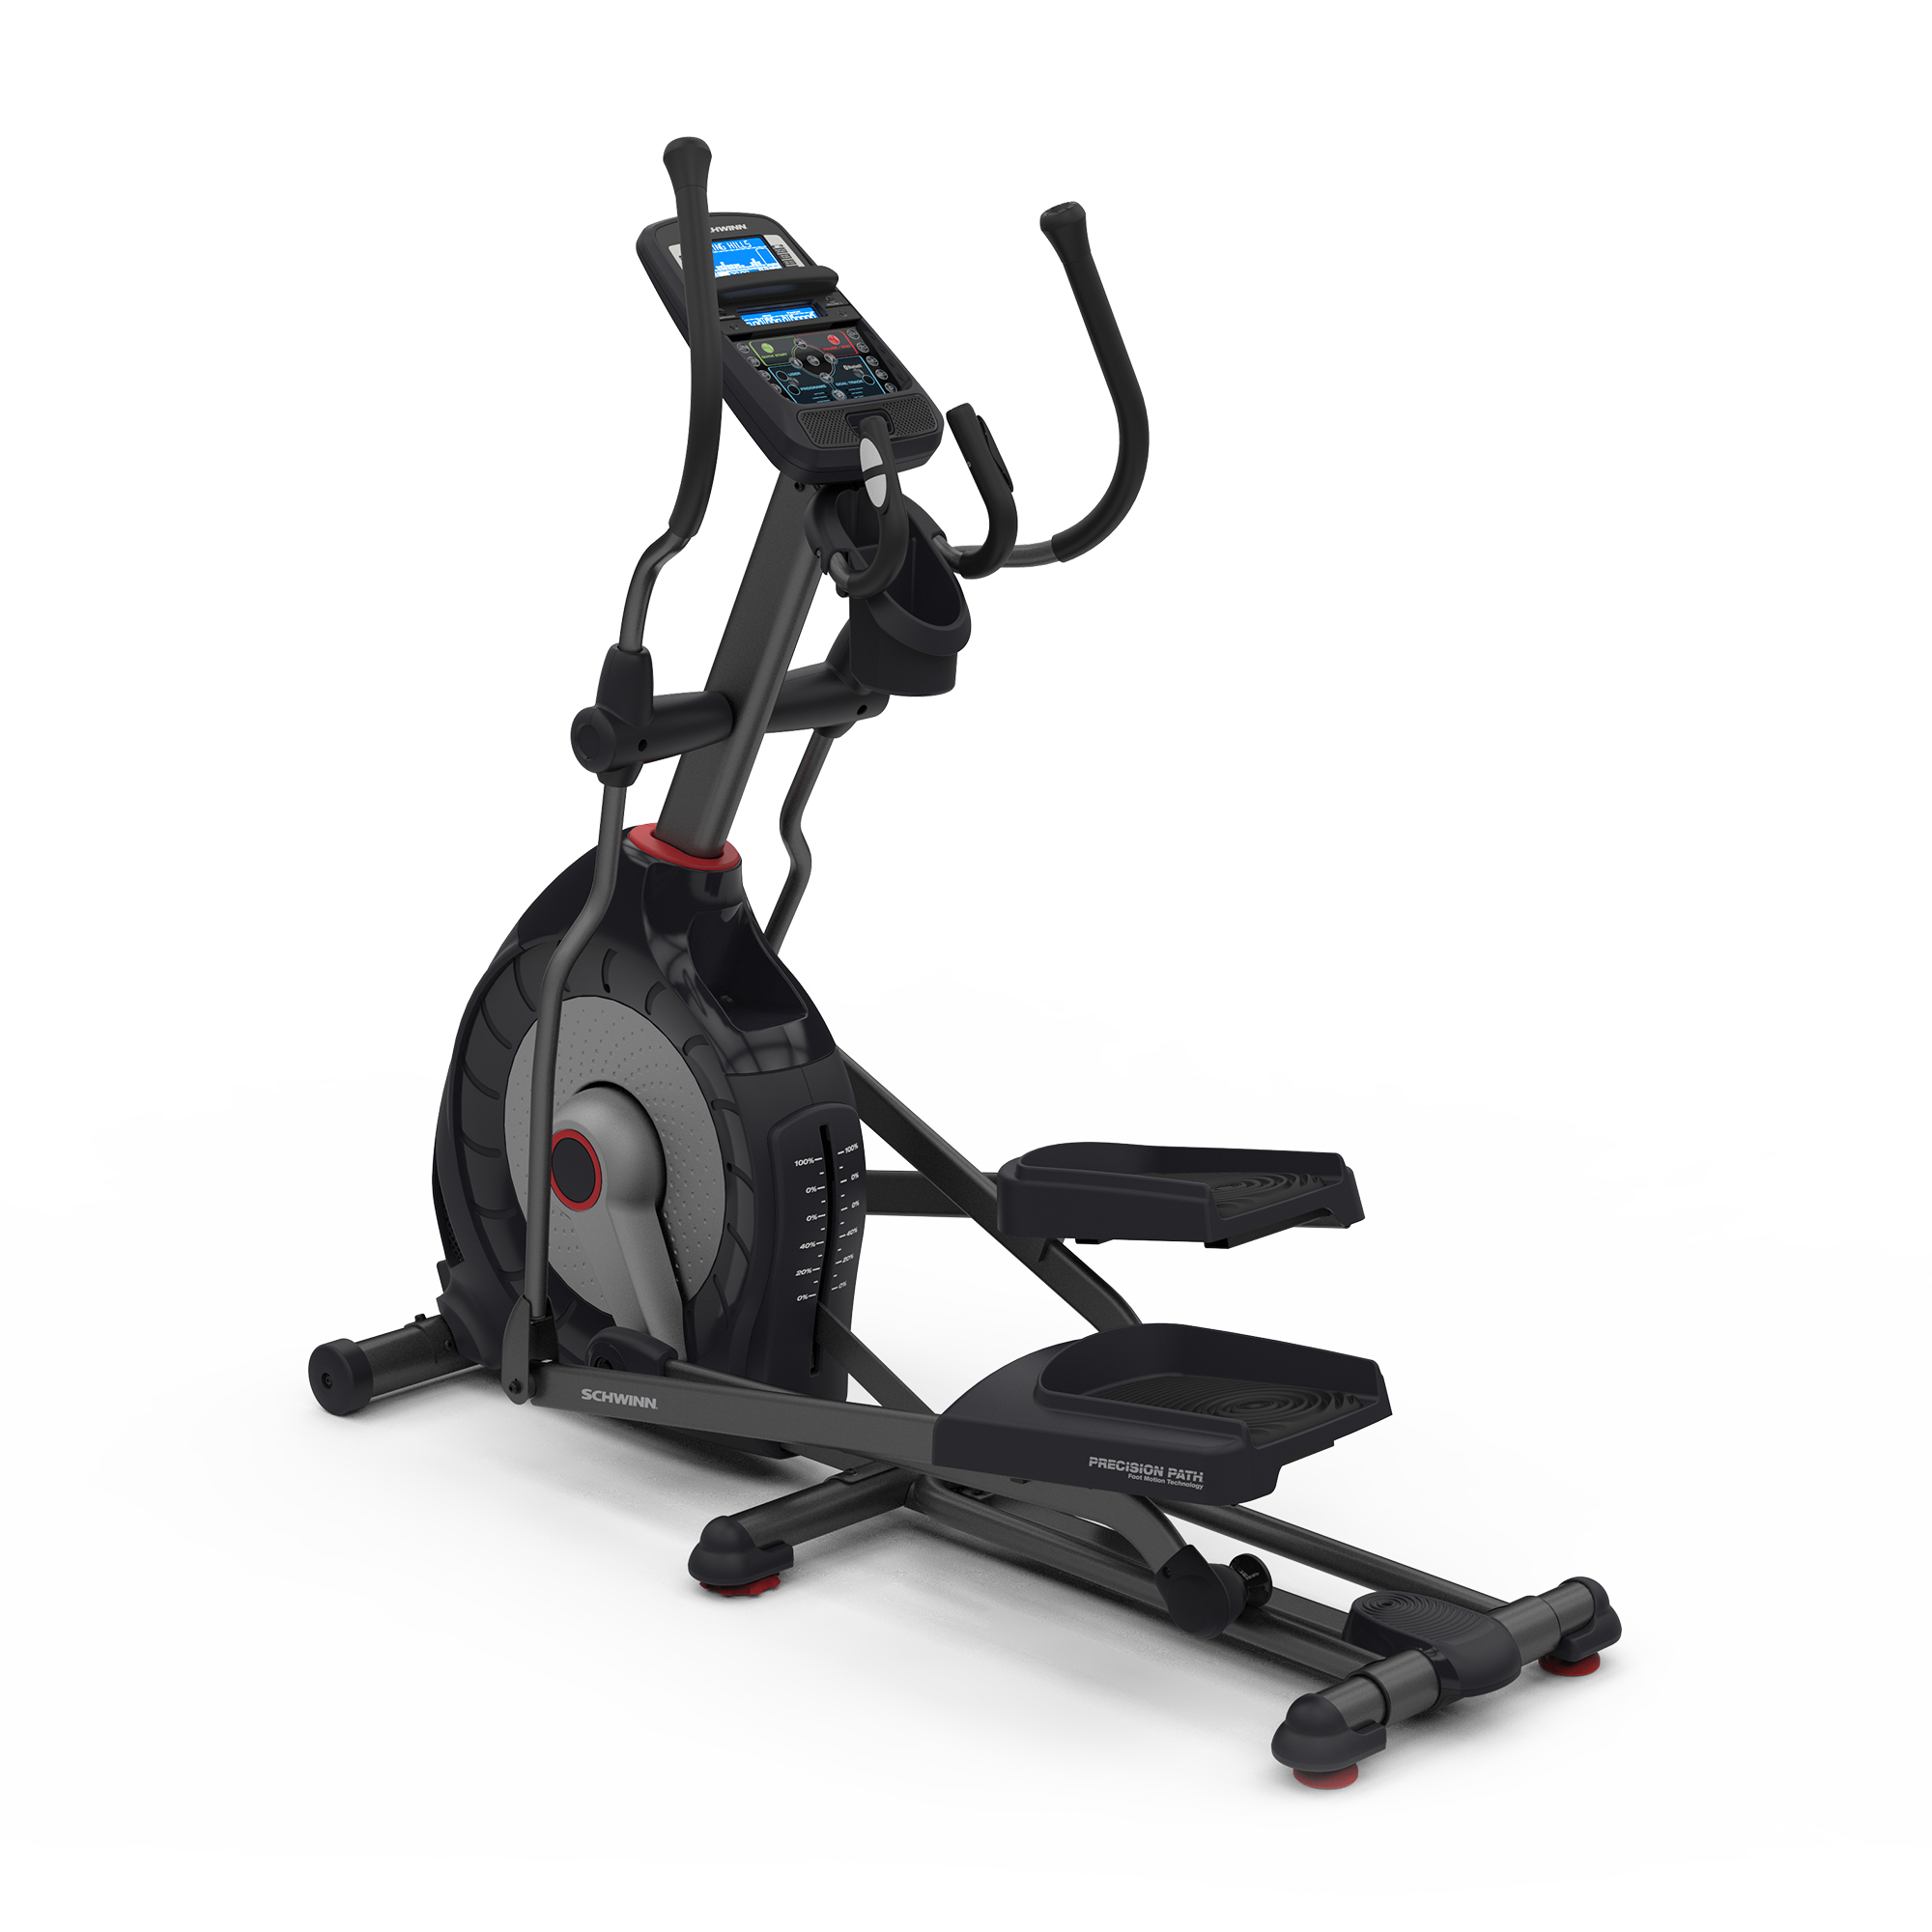 Elliptical Bike Or Treadmill: Schwinn 470 Elliptical
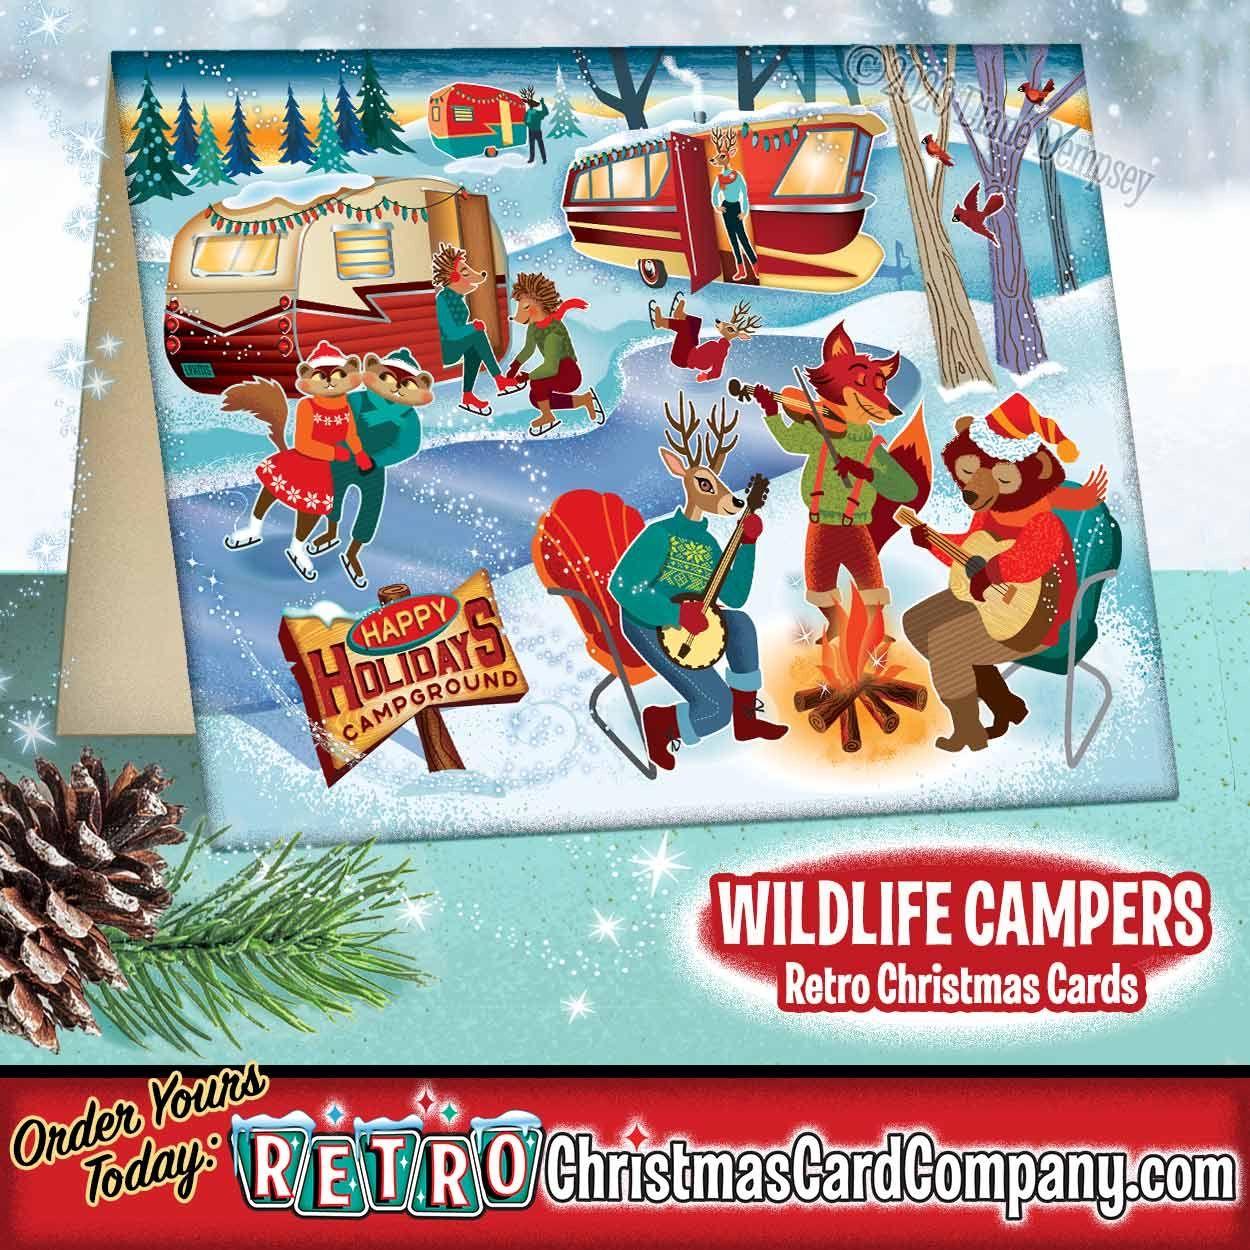 Wildlife Christmas Cards 2020 Wildlife Campers Retro Christmas Cards in 2020 | Retro christmas
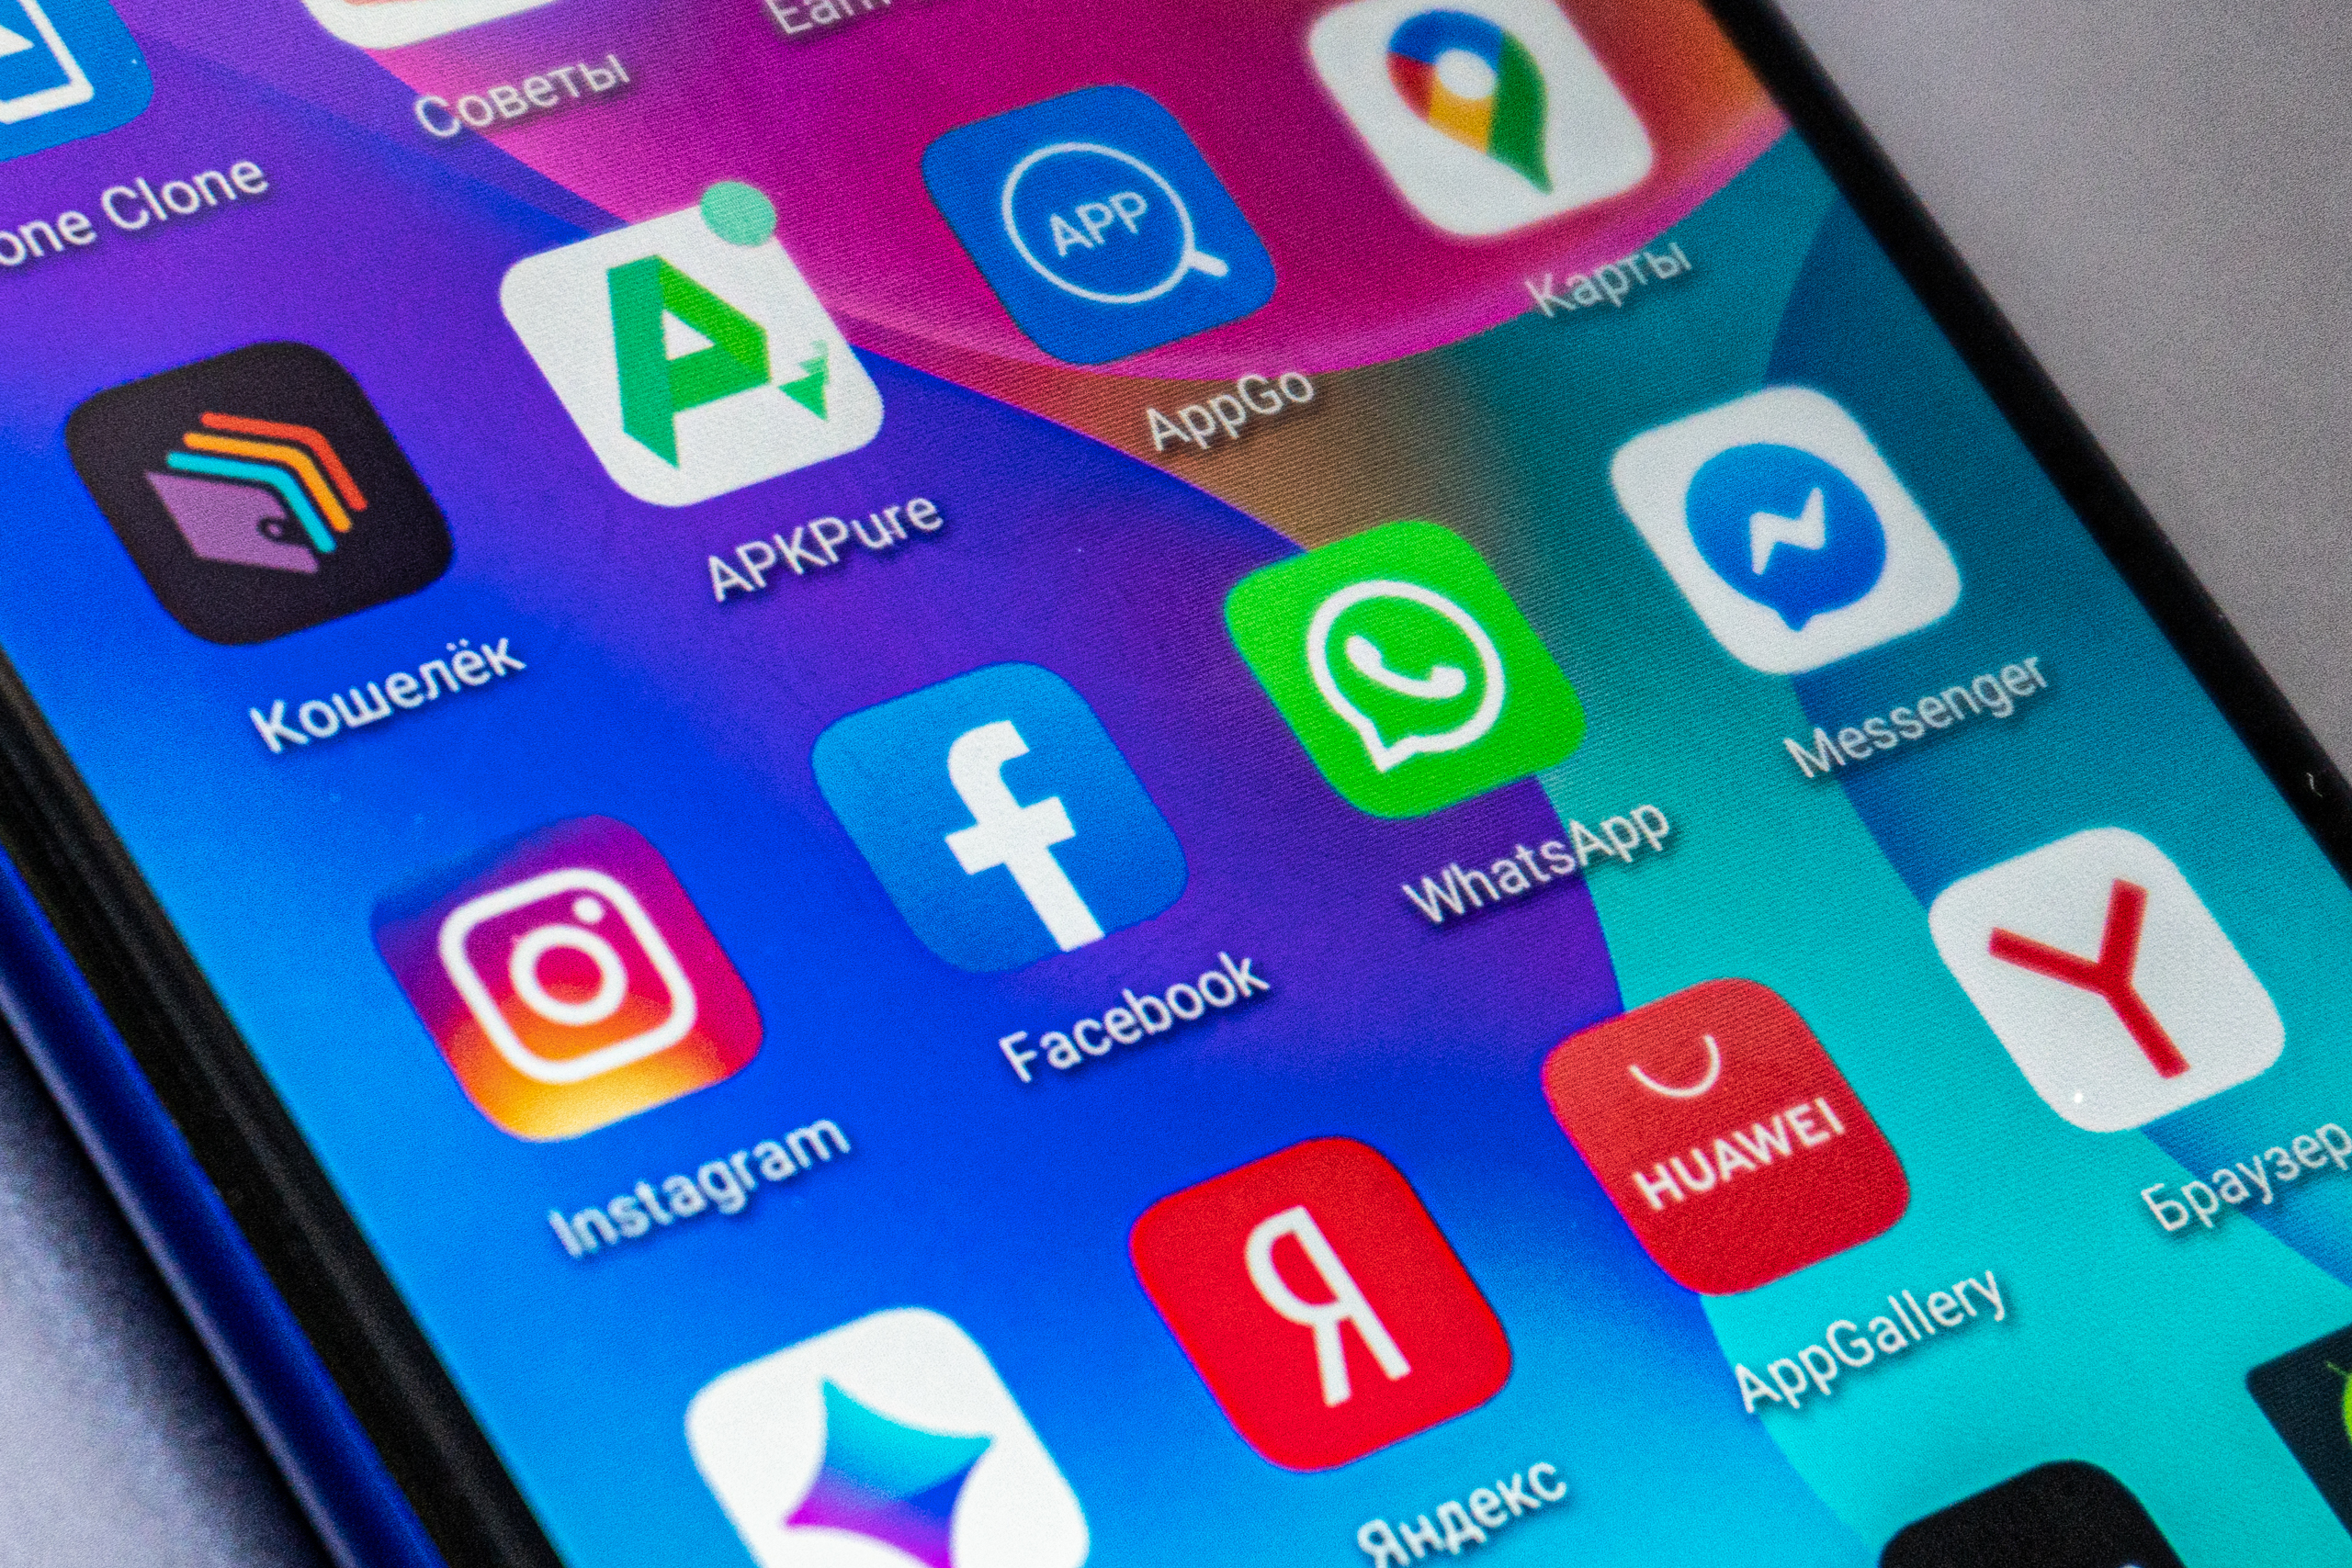 Подборка устройств huawei и honor 2020 года без поддержки google сервисов. | android tools

^^^^

== Problem requirements ==
Repeat the material exactly. Any picture in it should be dropped.

== Exercise result ==
 Elliptical Bike Or Treadmill: Schwinn 470 Elliptical
 Wildlife Christmas Cards 2020 Wildlife Campers Retro Christmas Cards in 2020 | Retro christmas
 Подборка устройств huawei и honor 2020 года без поддержки google сервисов. | android tools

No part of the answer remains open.